I would follow Greg and find out where his John Deere dealer is.
Probably has an 2003 X585 sitting around in his back lot that he
will sell fro $150.00, might even throw in the deck and snow 
blower for another $75.00.


----------



## Greg (Sep 16, 2003)

Jbetts,

What did you put (C) $2,000 into over the past 2 years. Do you have current pics? 

Check out e.bay to get an idea of what is out there and the prices they are going for. Also let your local JD dealer know what you are looking for. Any JD clubs nearby? Maybe contact them.

aegt5k,

They did have a 175 (hydro 170) in the back lot. It was picked up from a long time customer that bought a now tractor. They sold it a few days later, with a small JD trailer, for $300 or $400. It looked like it had been well taken care of and even came with a JD cover for the tractor. 

I had a chance to get it cheaper the day it came in but I'm in the doghouse a bit with the finance minister for not getting rid of some of the duplicate things I have (2 power washers, 2 chippers, a walk behind mower, 2 generators, a restore in slow progress Craftsman tractor) and I'm a bit behind on the to do list SHE has made out for me. 

There's always another treasure just around the corner, though. 



Greg


----------



## aegt5000 (Feb 22, 2004)

Greg...

Glad to hear I'm not the only one who is behind on the To-Do's.

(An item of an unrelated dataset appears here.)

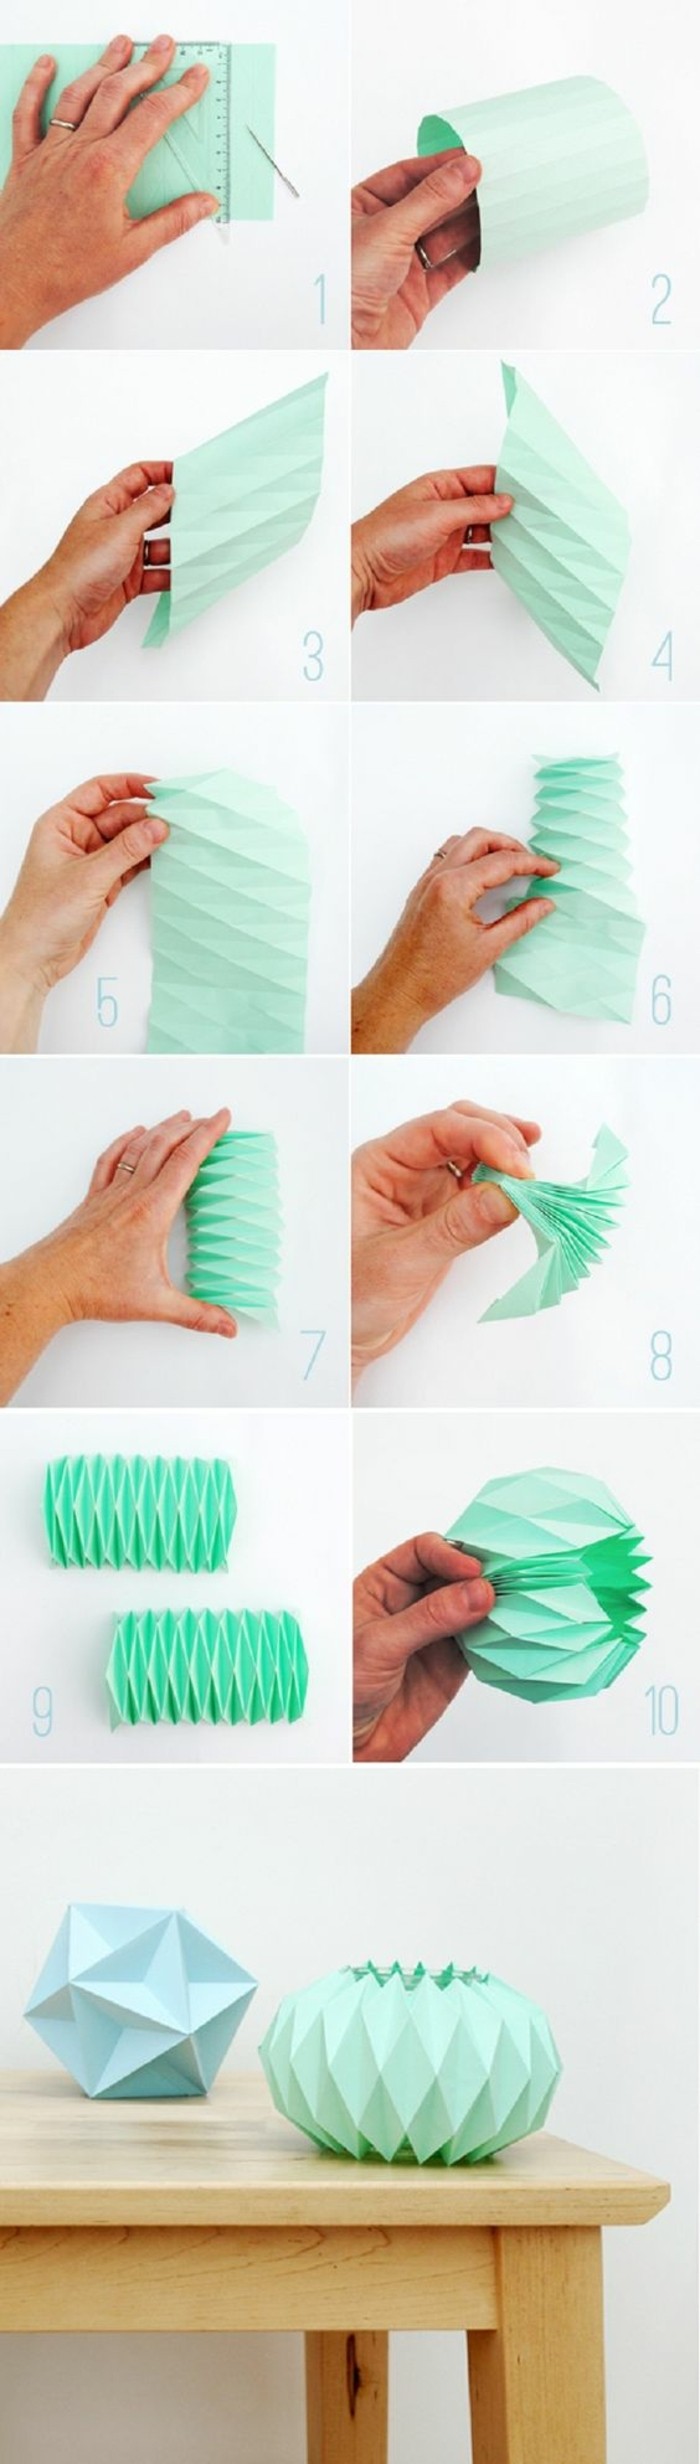 00-deco-mariage-origami-en-papier-vert-menth-boule-chinoise-en-papier

Sounds like you have a great dealer near you. The deals you got
were super. Good luck with the restore.


----------



## Greg (Sep 16, 2003)

Problem is I have so much work to do with the tractor, especially when I get the front blade on, I won't be able to do any restoring on it till later this year. And... therefore, my "hot rod" project tractor is getting moved even farther back.

Greg


----------



## Ingersoll444 (Sep 17, 2003)

If you are looking for a restore project, and want to stick with the JD's, I would look for one of the 110/112/140's These things were hell for strong, plenty of parts, and info avable, and when done will have a good resale value. Also the 318 are a legen, but the price would probably break the bank BEFORE you do any work.


----------



## farmallmaniac (Feb 16, 2004)

What made the 318's a legend? My grandpa had one and I still wish he had it. Thats the first mower tractor I ever drove.
Ryan


----------